When the OS suspends a hardware context, Dxgkrnl keeps the doorbell connection active and ring buffer (work queue) allocation resident. In this way, UMD can continue queuing work to the context; this work just doesn’t get scheduled while the context is suspended. Once the context is resumed and scheduled, the GPU's context management processor (CMP) observes the new write pointer and work submission.

This logic is similar to current kernel-mode submission logic, where UMD can call D3DKMTSubmitCommand with a suspended context. Dxgkrnl enqueues this new command to the HwQueue but it just doesn’t get scheduled until a later time.

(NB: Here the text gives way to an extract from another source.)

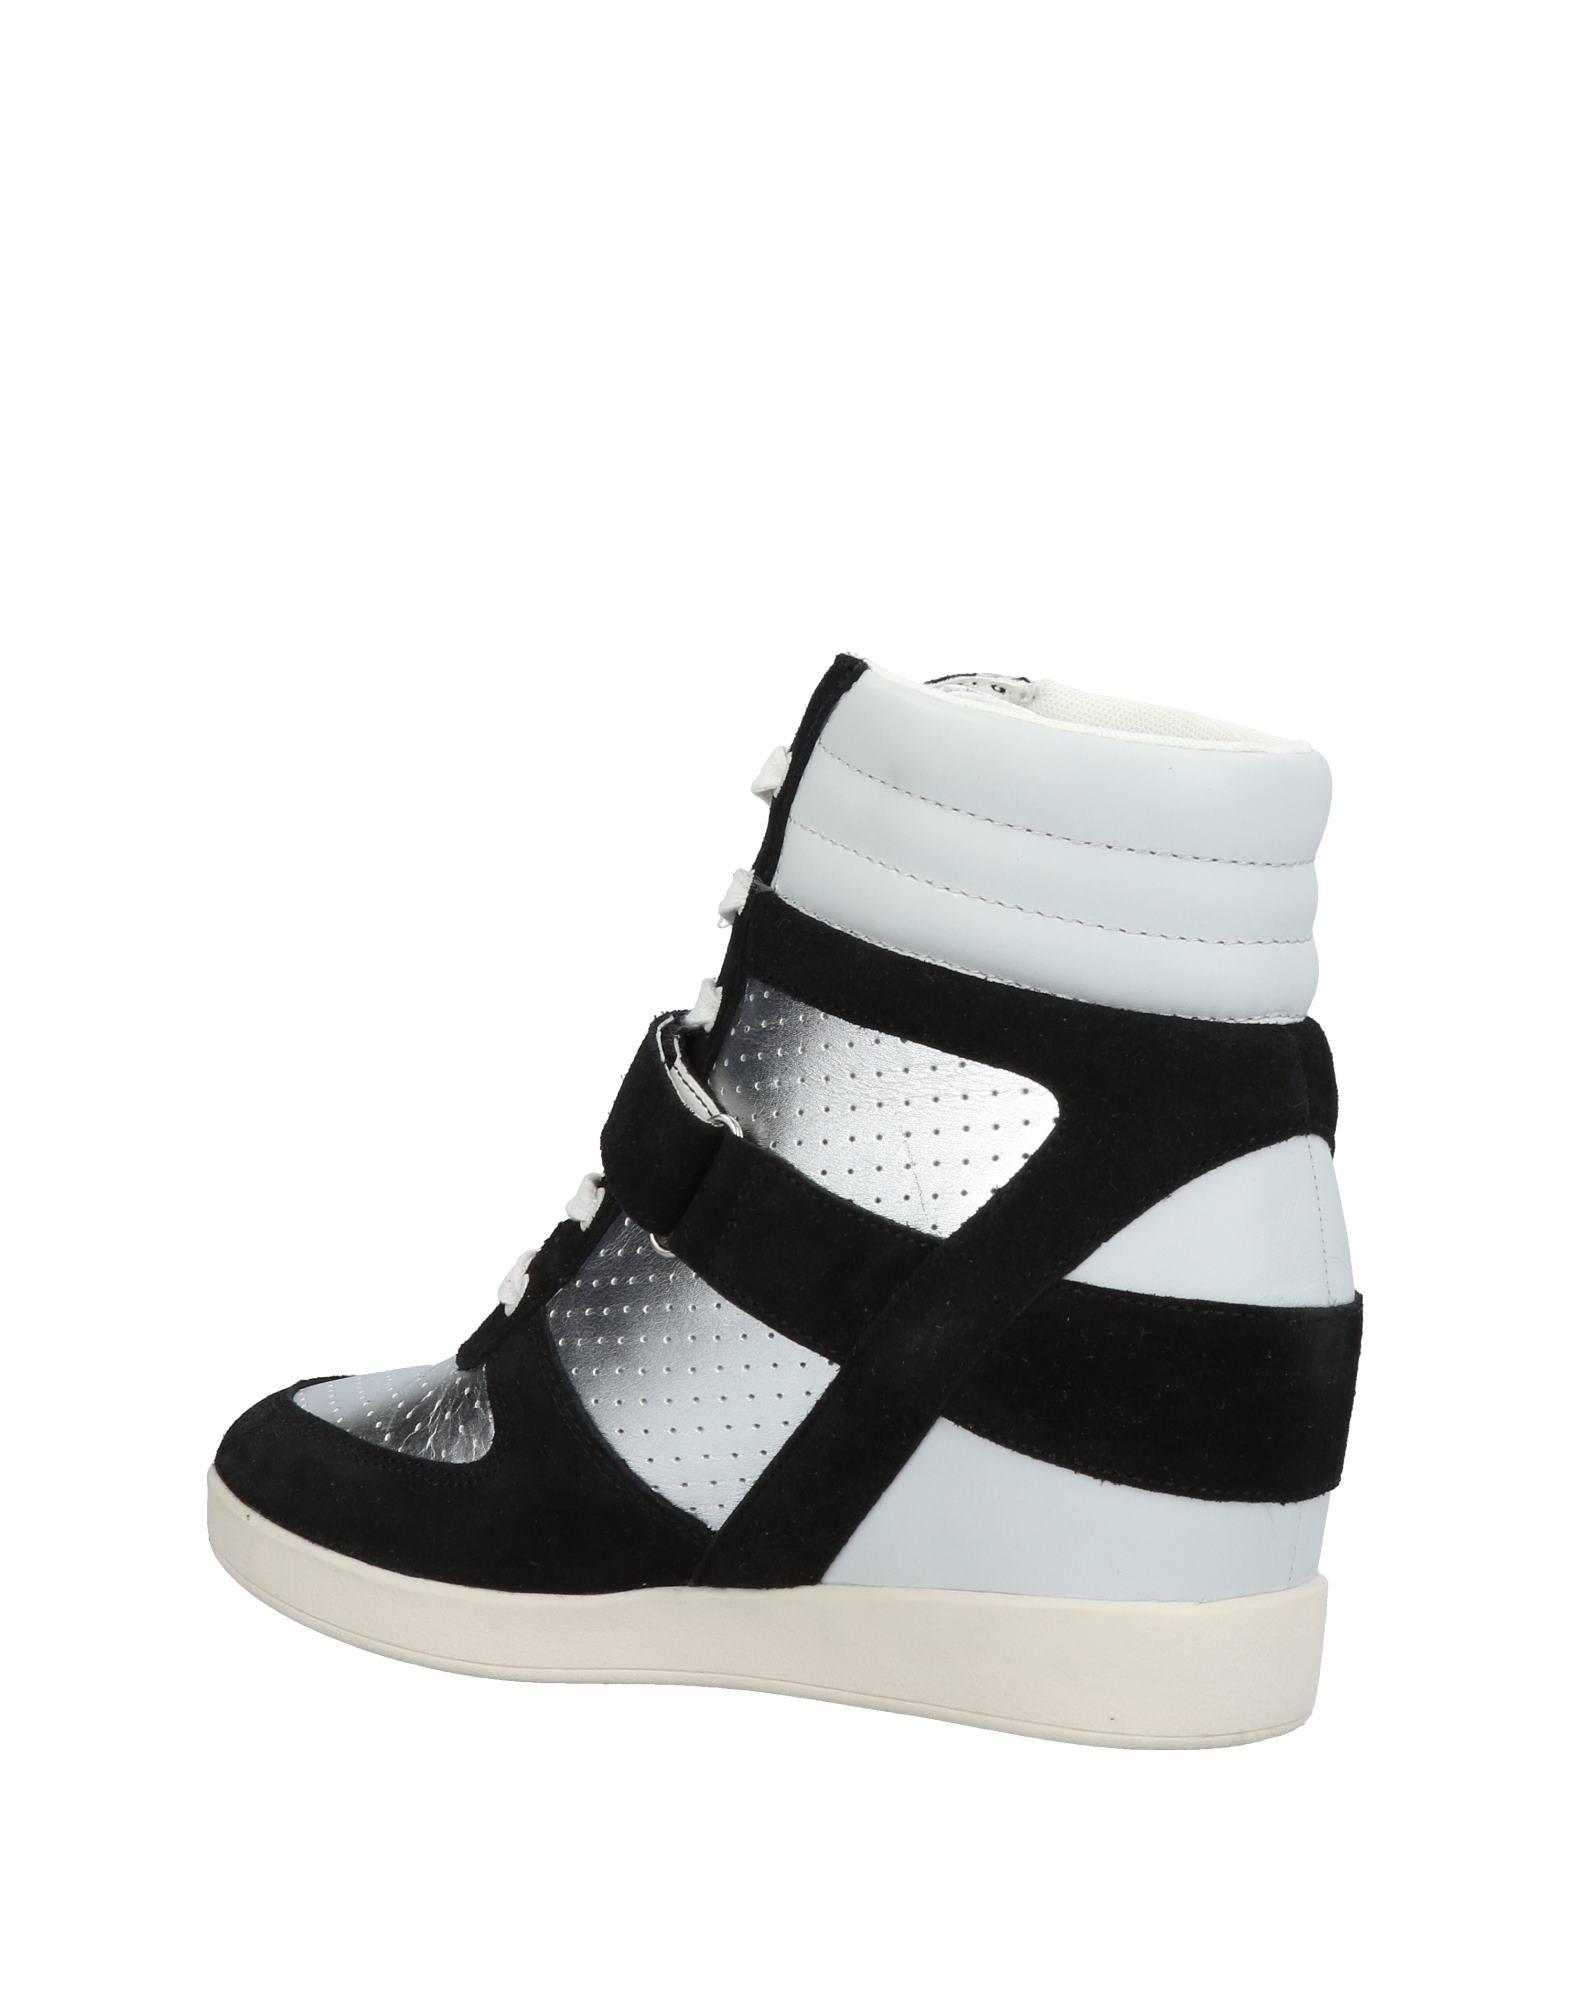 Sneakers Armani Jeans Donna Donna Jeans - 11182617SR 0ead1d

The following sequence of events occurs during hardware context suspend and resume.

Suspending a hardware context:
1. Dxgkrnl calls DxgkddiSuspendContext.
2. KMD removes all HWQueues of the context from the HW scheduler’s list.
3. Doorbells are still connected and ring buffer/ring buffer control allocations are still resident. The UMD can write new commands to the HWQueue of this context, but the GPU won’t process them, which is similar to today’s kernel-mode command submission to a suspended context.
4. If KMD chooses to victimize the doorbell of a suspended HWQueue, then UMD loses its connection. UMD can attempt to reconnect the doorbell and KMD will assign a new doorbell to this queue. The intention is to not stall the UMD, but rather to allow it to continue submitting work that the HW engine can eventually process once the context is resumed.
Resuming a hardware Context:
1. Dxgkrnl calls DxgkddiResumeContext.
2. KMD adds all HWQueues of the context to HW scheduler’s list.

Engine F-state transitions

In traditional kernel-mode work submission, Dxgkrnl is in charge of submitting new commands to the HWQueue and monitoring completion interrupts from KMD. For this reason, Dxgkrnl has a complete view of when an engine is active and idle.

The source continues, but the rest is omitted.